Both biological and statistical significance are considered together.

Statistics:

No statistical analysis was required to evaluate results.

Results and discussion

Applicant's summary and conclusion

Conclusions:

Interpretation of results: negative
Pullulanase did not induce micronuclei (clastogenic effects) in male or female mice at doses up to 5000 mg Pullulanase/kg bw when injected by IP injection.

Executive summary:

In a dose range-finding study 3 male and 3 female mice/dose received vehicle (PBS 10 mL/kg), 50, 158.1, 500, 1581, or 5000 mg (half-log doses) Pullulanase/kg by ip injection. The top dose 5000mg/kg was not toxic to mice and selected as the highest dose for the micronucleus testing.

In the main study, the micronuclei from bone marrow of 15 male and 15 female mice/dose were analyzed. Mice were given one of 5 doses, 500, 889, 1581, 2811 or 5000 mg Pullulanase/kg, by ip injection. Five male and 5 female mice were exposed to vehicle or positive control. Bone marrow cells were collected from 5 male and female mice/time killed 12, 24 and 48 hours after exposure. Cells were collected by flushing the bone marrow canal of the femur with fetal bovine serum. Cells were centrifuged, smeared on slides, dried, fixed with methanol, stained with Giemsa and analyzed at 100x (oil immersion) magnification. Analyzed were polychromatic erythrocytes (PCEs) per 1000 erythrocytes.

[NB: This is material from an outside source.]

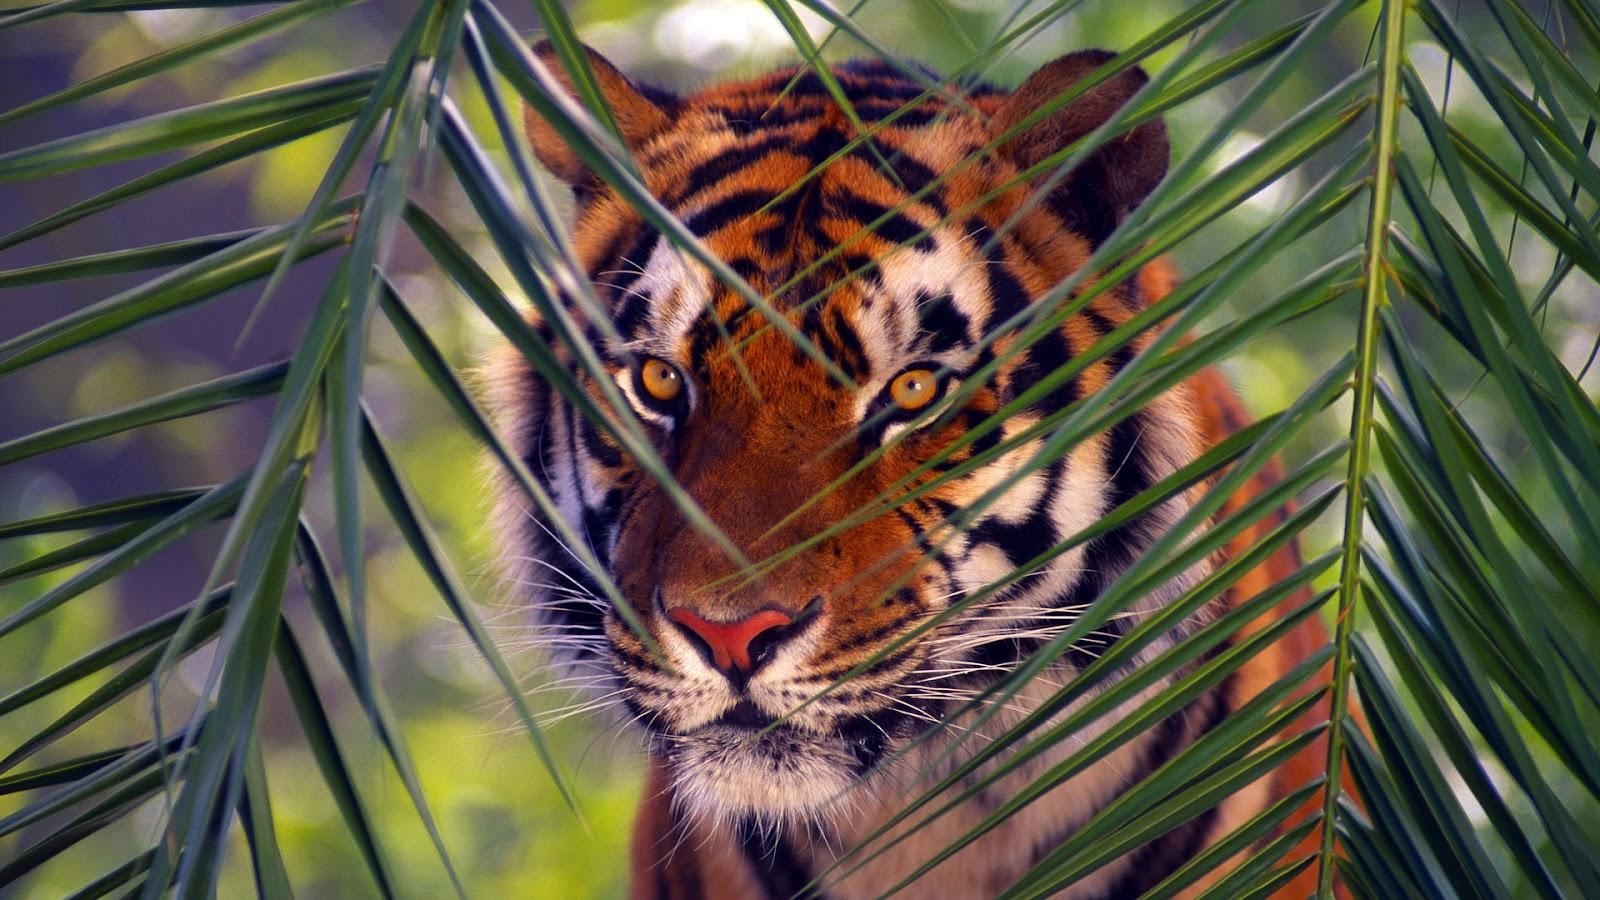 Cute tiger wallpaper Wallpaper Wide HD 1600x900
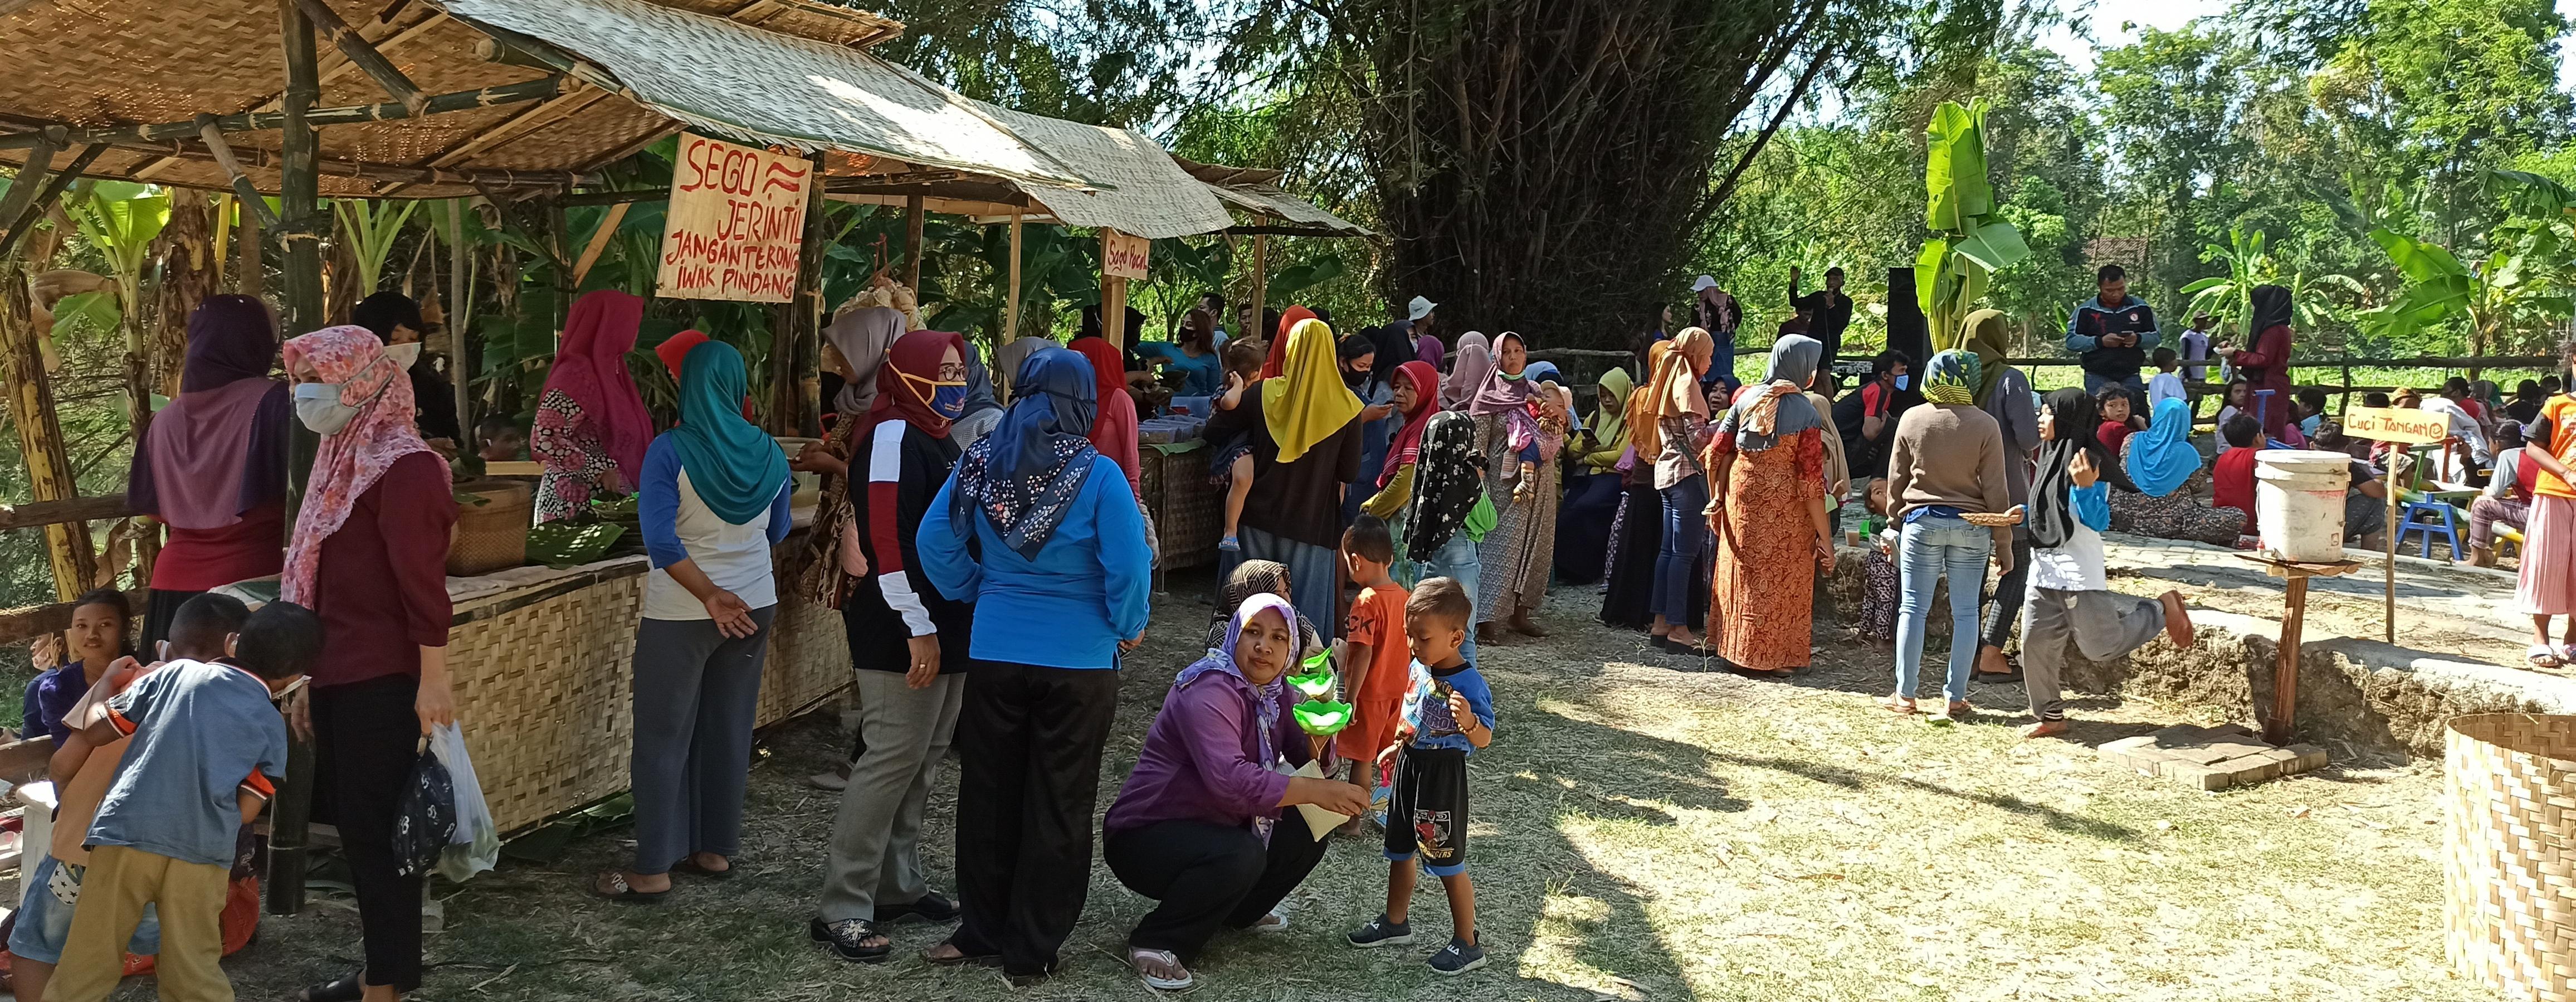 Wisata Perahu Cinta Desa Semawot Sukosewu <BR>Nikmati Wisata dan Kuliner Khas setiap Hari Minggu Pagi

The positive control, 0.4 mg triethylenemelamine (TEM), induced some toxicity, as evidenced by depression of percentage of newly-formed PCEs, and TEM elevated the number of micronuclei in PCEs from male and female mice. No toxic effects were observed in the bone marrow cells and no significant number of micronuceli were induced in mice of either sex, exposed to 1581, 2811 or 5000 mg Pullulanase/kg. Pullulanase did not induce micronuceli (clastogenic effects) in male or female mice.